* Data for processing *
= = = =
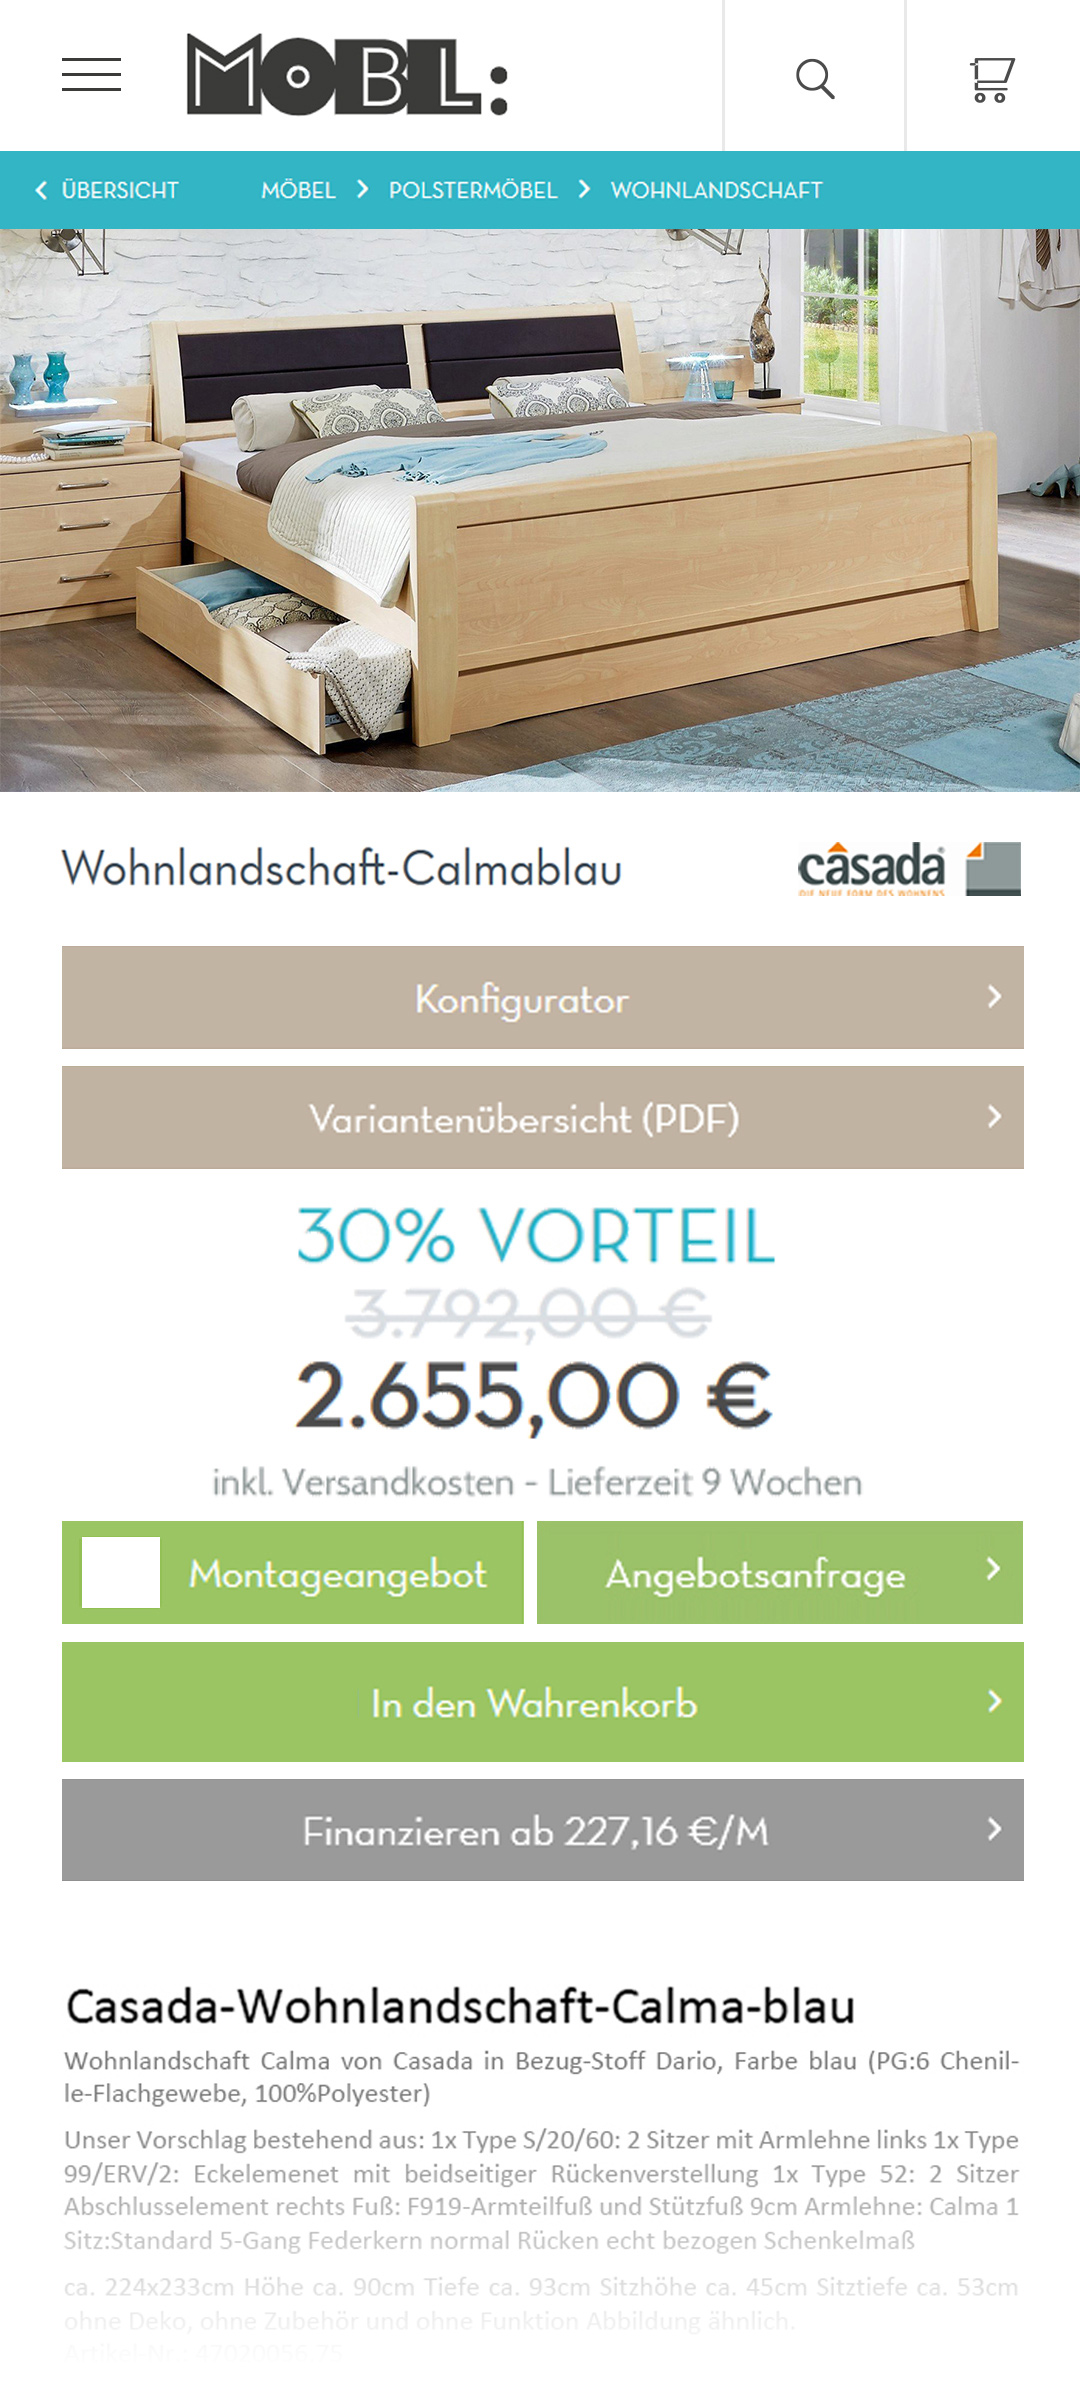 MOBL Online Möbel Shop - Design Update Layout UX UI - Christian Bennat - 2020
= = = =
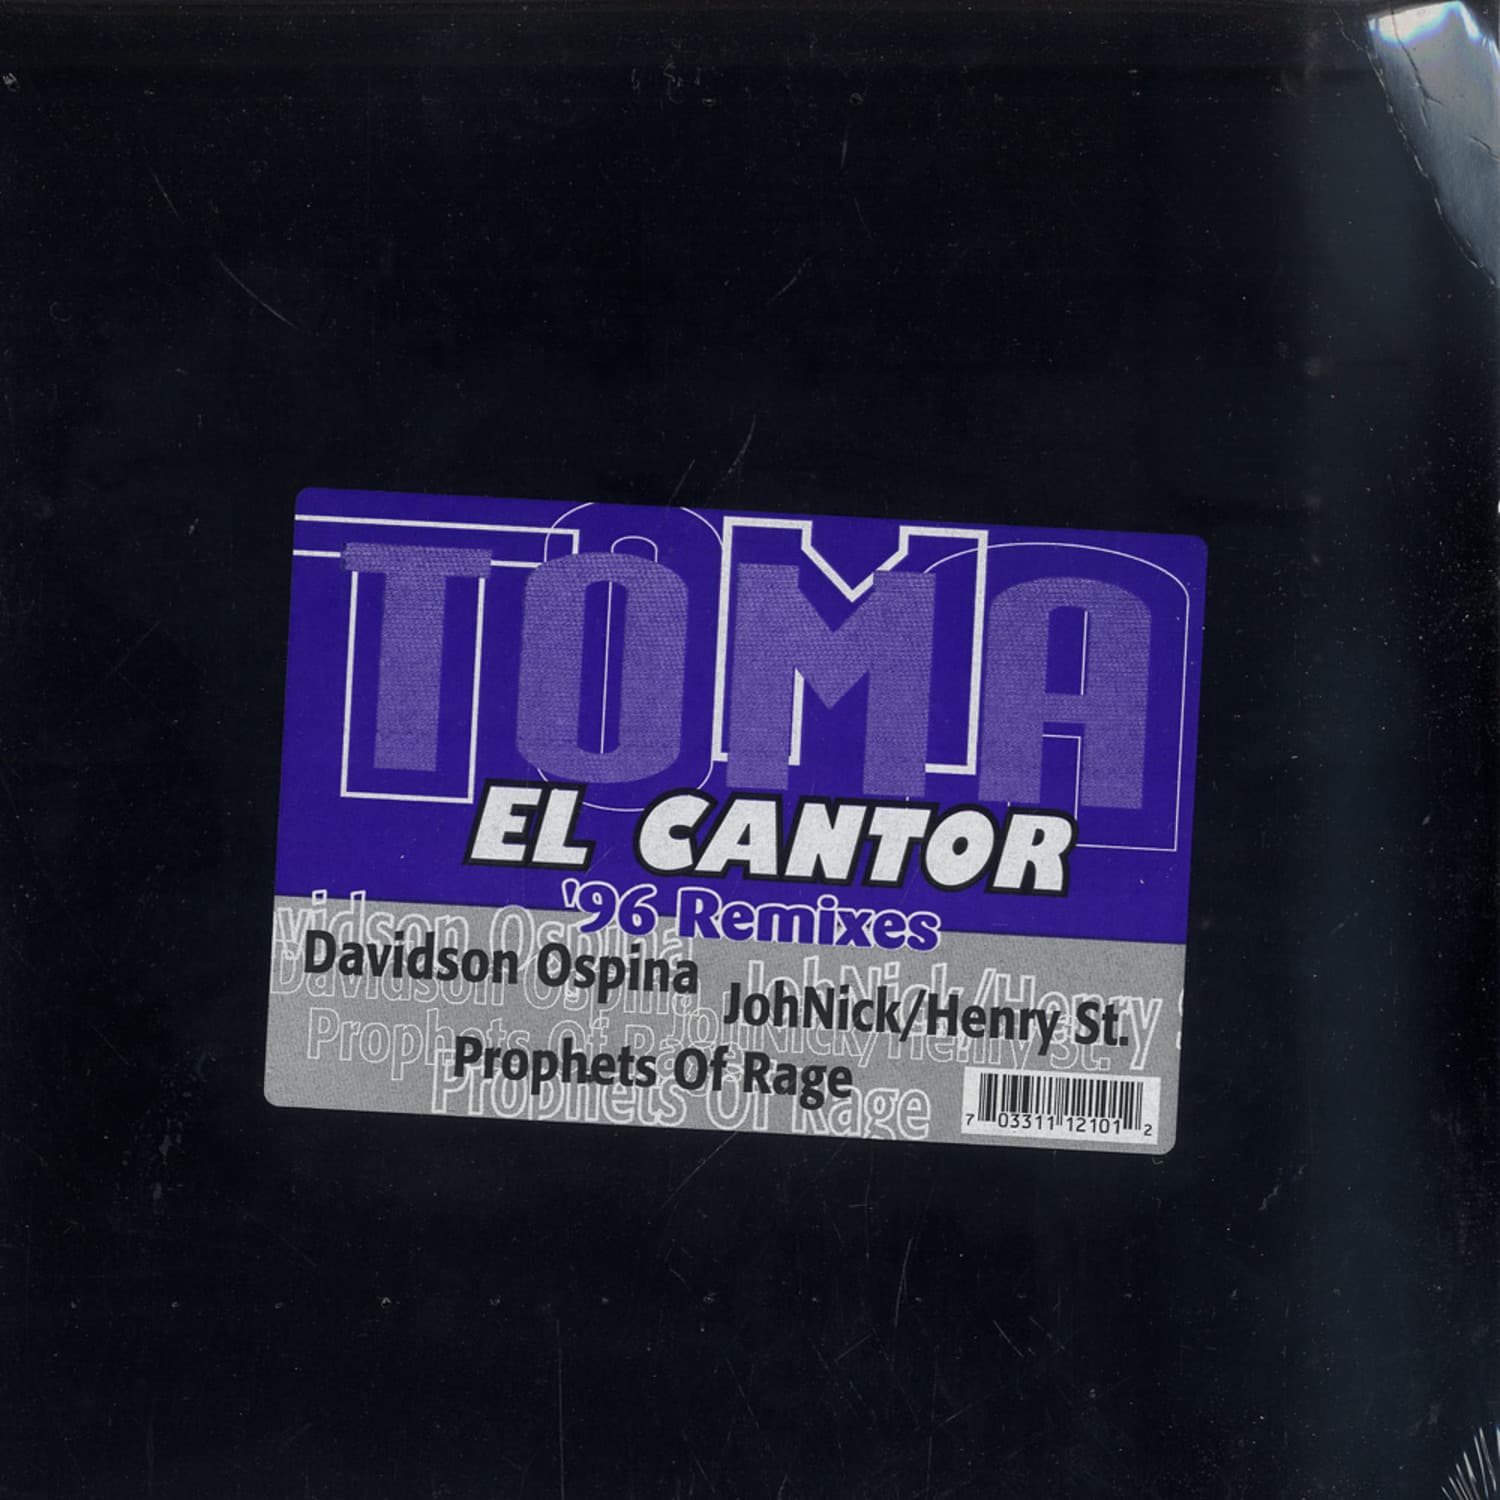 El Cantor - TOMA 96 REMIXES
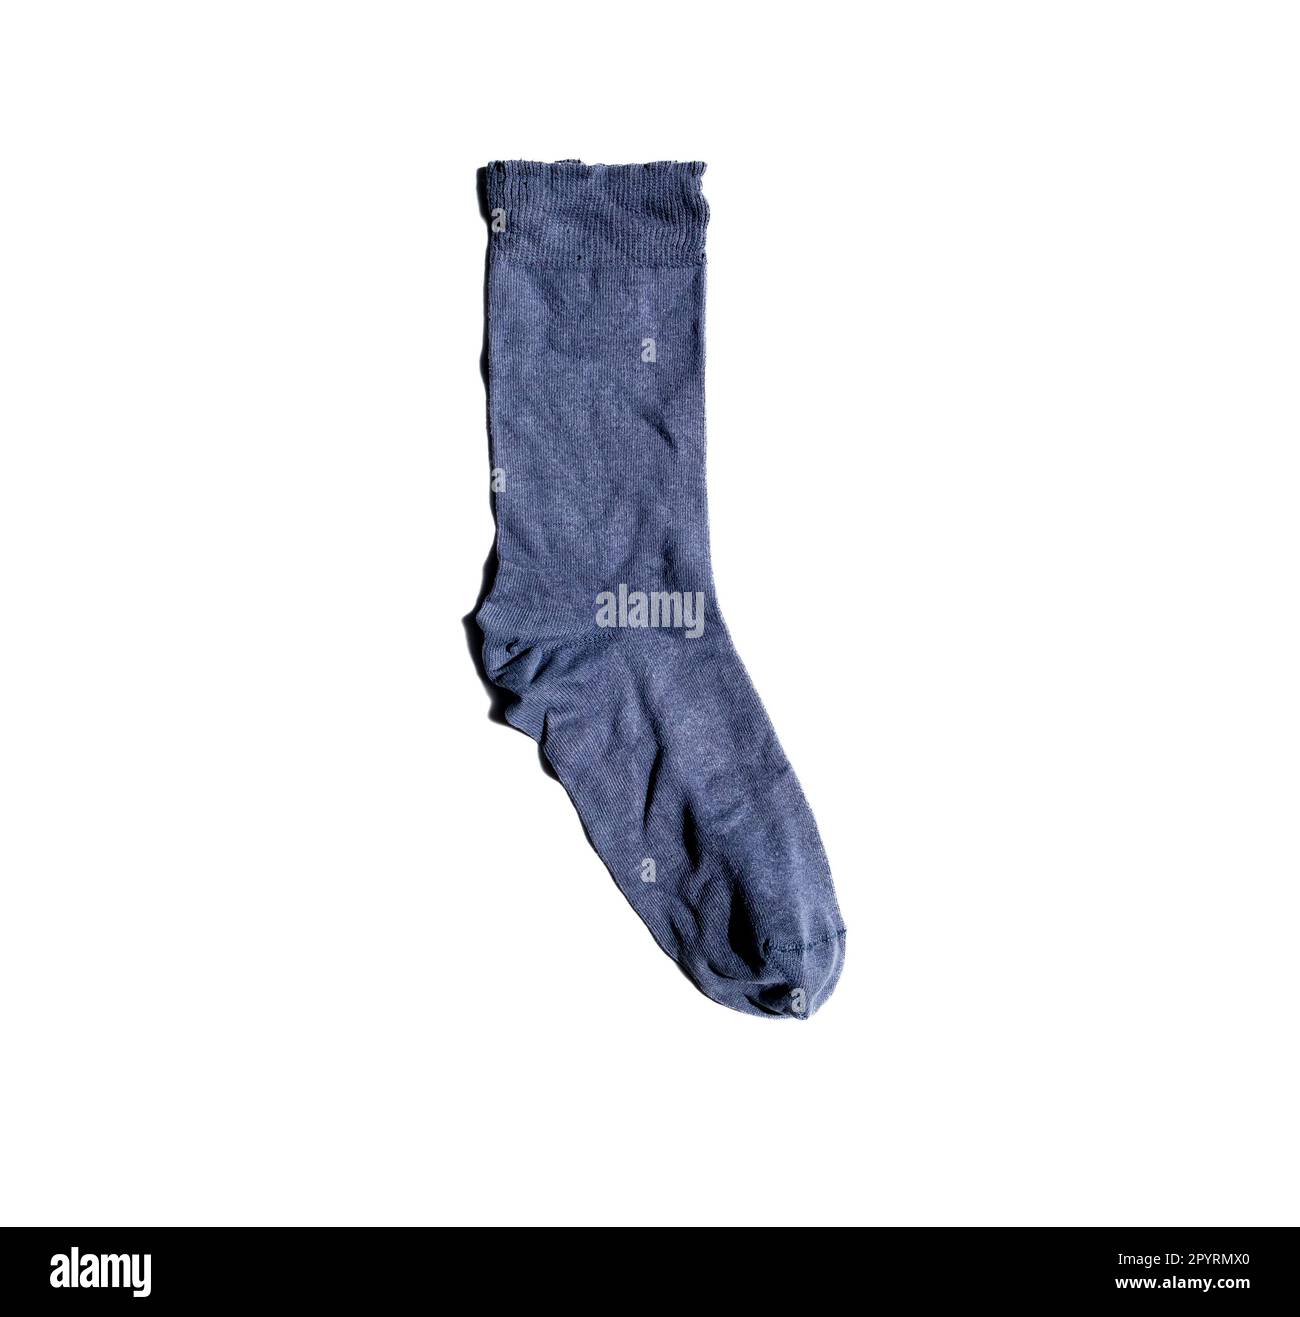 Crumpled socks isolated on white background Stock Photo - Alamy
= = = =
* Problem *
For this exercise, please set down exactly the lines of the listing above from the line with "El Cantor - TOMA 96 REMIXES" up to and including the line with "Crumpled socks isolated", and no pictures.

* Exercise output *
 El Cantor - TOMA 96 REMIXES
 Crumpled socks isolated on white background Stock Photo - Alamy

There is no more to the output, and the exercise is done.